A Simple Convergence Proof of Adam and Adagrad
(2003.02395v3)
Published 5 Mar 2020 in stat.ML and cs.LG
Abstract: We provide a simple proof of convergence covering both the Adam and Adagrad adaptive optimization algorithms when applied to smooth (possibly non-convex) objective functions with bounded gradients. We show that in expectation, the squared norm of the objective gradient averaged over the trajectory has an upper-bound which is explicit in the constants of the problem, parameters of the optimizer, the dimension $d$, and the total number of iterations $N$. This bound can be made arbitrarily small, and with the right hyper-parameters, Adam can be shown to converge with the same rate of convergence $O(d\ln(N)/\sqrt{N})$. When used with the default parameters, Adam doesn't converge, however, and just like constant step-size SGD, it moves away from the initialization point faster than Adagrad, which might explain its practical success. Finally, we obtain the tightest dependency on the heavy ball momentum decay rate $\beta_1$ among all previous convergence bounds for non-convex Adam and Adagrad, improving from $O((1-\beta_1){-3})$ to $O((1-\beta_1){-1})$.
The paper provides a streamlined convergence proof for Adam and Adagrad, establishing an expectation-based upper bound on the average squared gradient norm.
The paper demonstrates that with optimal hyper-parameter settings, Adam can achieve a convergence rate of O(d ln(N)/√N) comparable to Adagrad.
The paper refines the dependency on the momentum decay rate from O((1−β1)⁻³) to O((1−β1)⁻¹), offering clearer insights for nonconvex optimization.
A Simple Convergence Proof of Adam and Adagrad
In the paper "A Simple Convergence Proof of Adam and Adagrad," the authors provide a streamlined demonstration of convergence for the well-known adaptive optimization algorithms Adam and Adagrad. This proof is applicable to smooth, non-convex, stochastic optimization problems where the objective function possesses bounded gradients. The work notably addresses two key aspects of convergence—detailing an expectation-based upper bound on the average squared norm of the gradient over the trajectory, and tackling the critical issue of parameter choices to ensure effective convergence. The bound delineates explicit dependencies on constants inherent to the optimization problem, dimensions, optimizer parameters, and total iterations denoted as N.
The authors reveal that under optimal parameter configuration, particularly focusing on hyper-parameters like α (step size) and β2 (exponential moving average decay rate), Adam can achieve a convergence rate similar to that of Adagrad, specifically O(dln(N)/N). However, it is also noted that with default parameters, Adam, akin to stochastic gradient descent (SGD) with a constant step size, does not inherently lead to convergence, albeit displaying a tendency to diverge due to moving away from the initialization faster than Adagrad. Intriguingly, this characteristic might underpin Adam's observed empirical performance gains.
Furthermore, the paper presents a significant improvement in understanding the role of the heavy ball momentum decay rate β1. The refinement adjusts the dependency from the former O((1−β1)−3) to O((1−β1)−1) for non-convex Adam and Adagrad. This adjustment presents a more optimistic view regarding the adaptability and efficiency of momentum in these optimizers, especially in non-convex domains, making the analysis relevant for broader classes of machine learning problems, including those characterized by stochastic and sparse data environments.
The implications of these findings are twofold. Practically, they provide guidance on parameter selection to aid in leveraging the full potential of Adam and Adagrad, without resorting to variants such as AMSGrad for non-convex settings.

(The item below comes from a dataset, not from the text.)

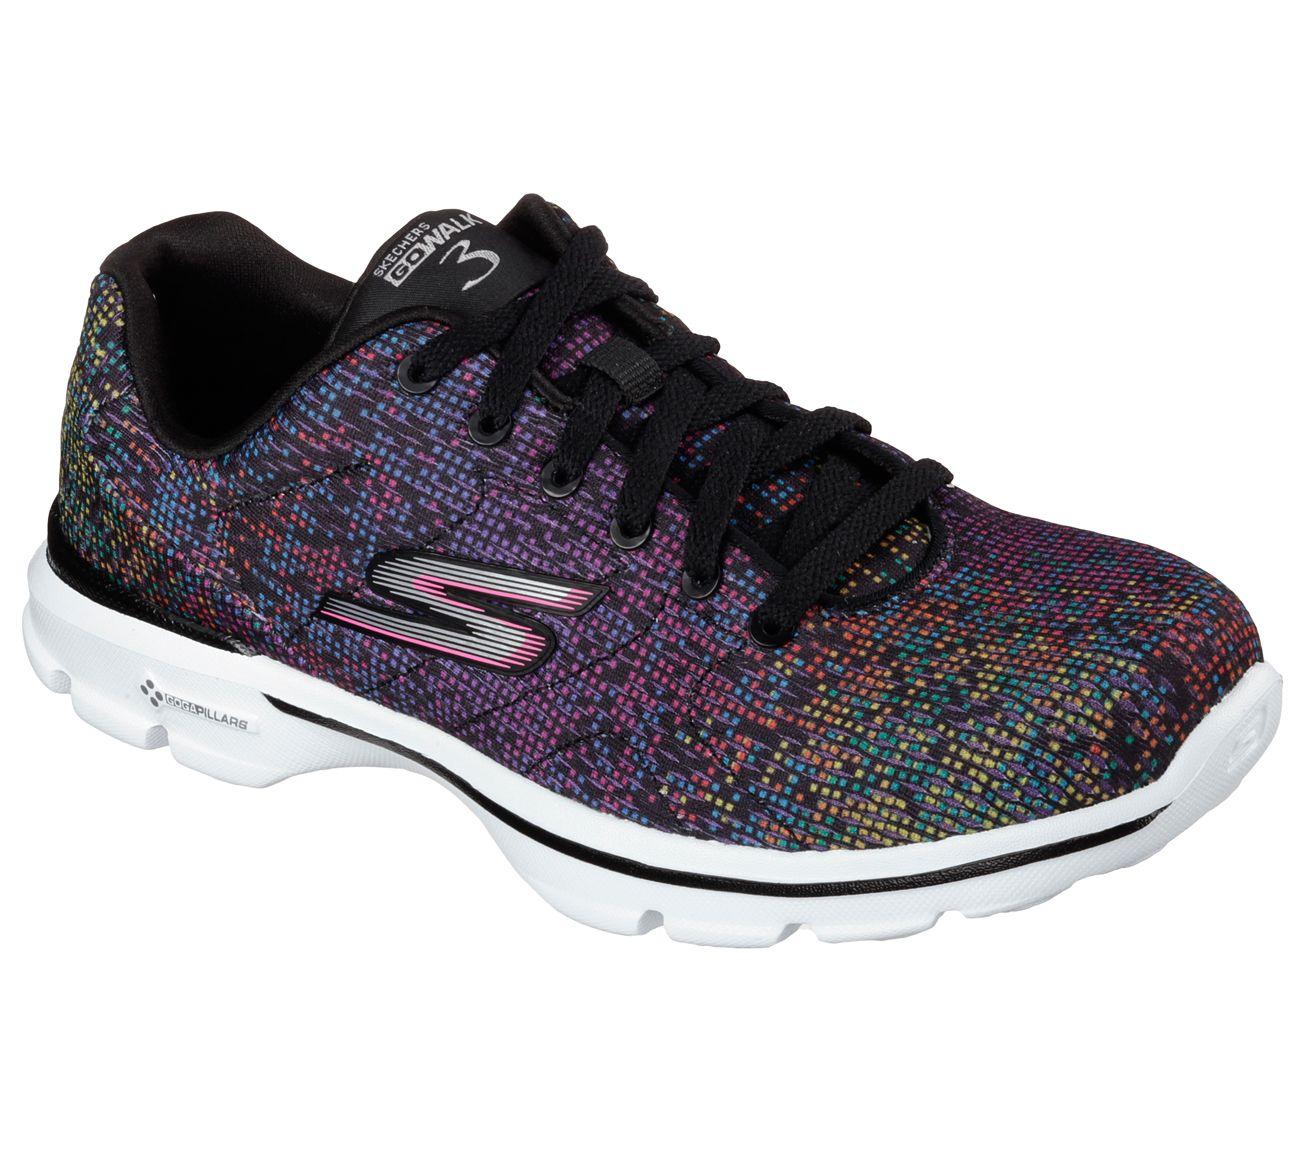 Skechers Womens Go Walk 3 Shoes  Black Multi Print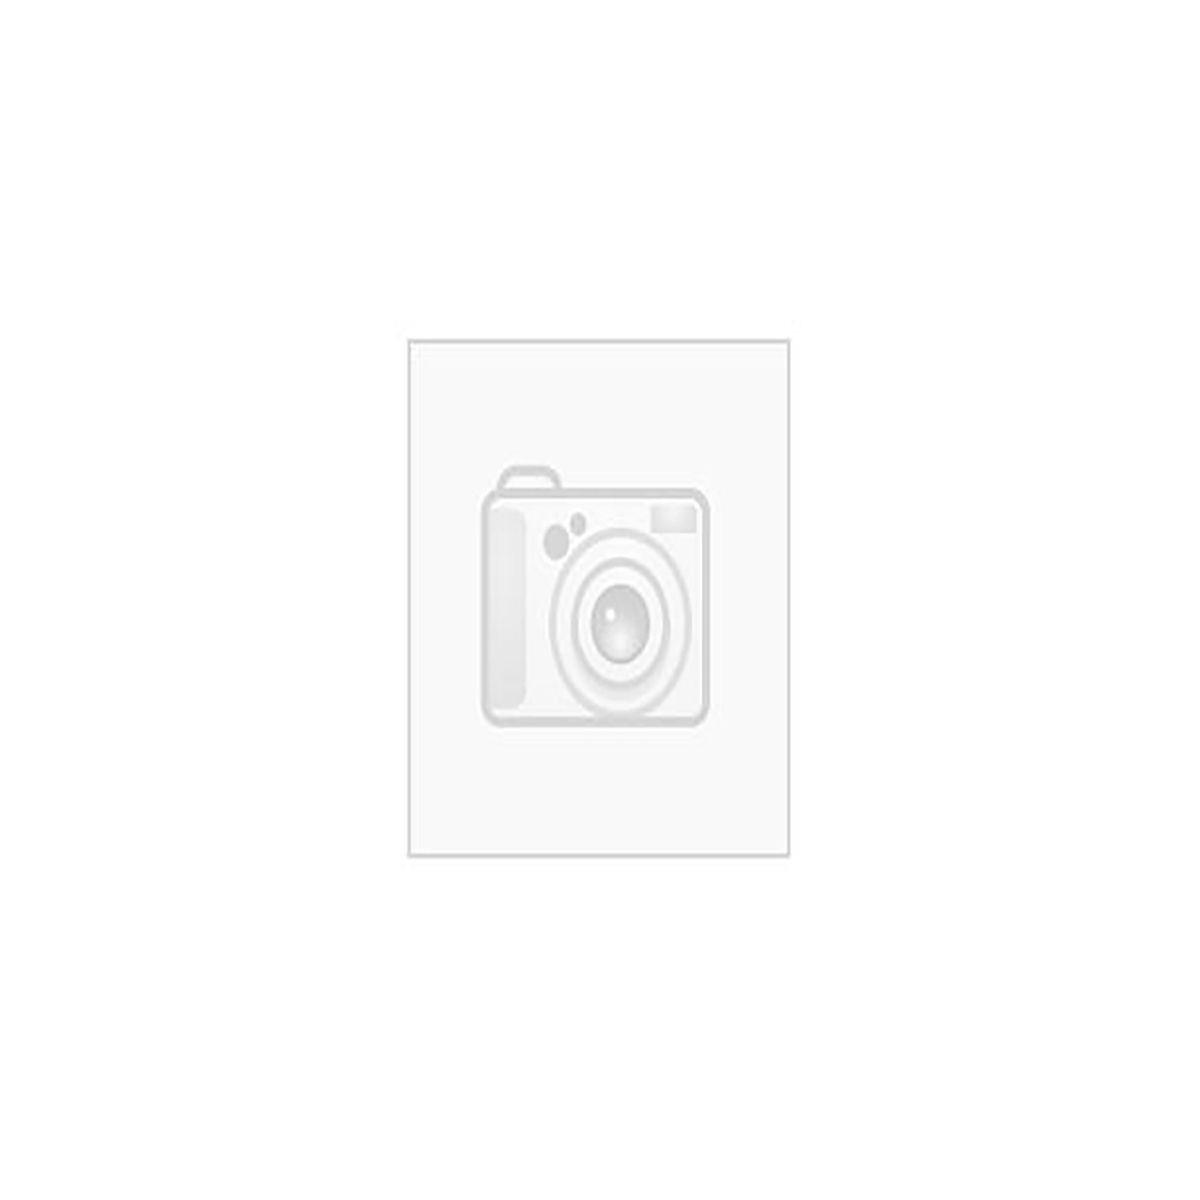 Tapwell BOX 026 - badekarbatteri

Theoretically, the insight into momentum's behavior reinforces its rationale and utility in accelerating convergence, enhancing our comprehension of optimizer dynamics in non-convex landscapes.
Moving forward, this could pave the way for even more refined studies on the adaptive step sizes and momentum factors within other derivative-free optimization algorithms that are well-suited for deep learning and other machine learning applications requiring robust handling of high-dimensional and complex objective functions. Such advancements could lead to enhanced training processes and model performances across a myriad of AI applications, driving further interest in algorithmic design improved by this deeper understanding of convergence properties.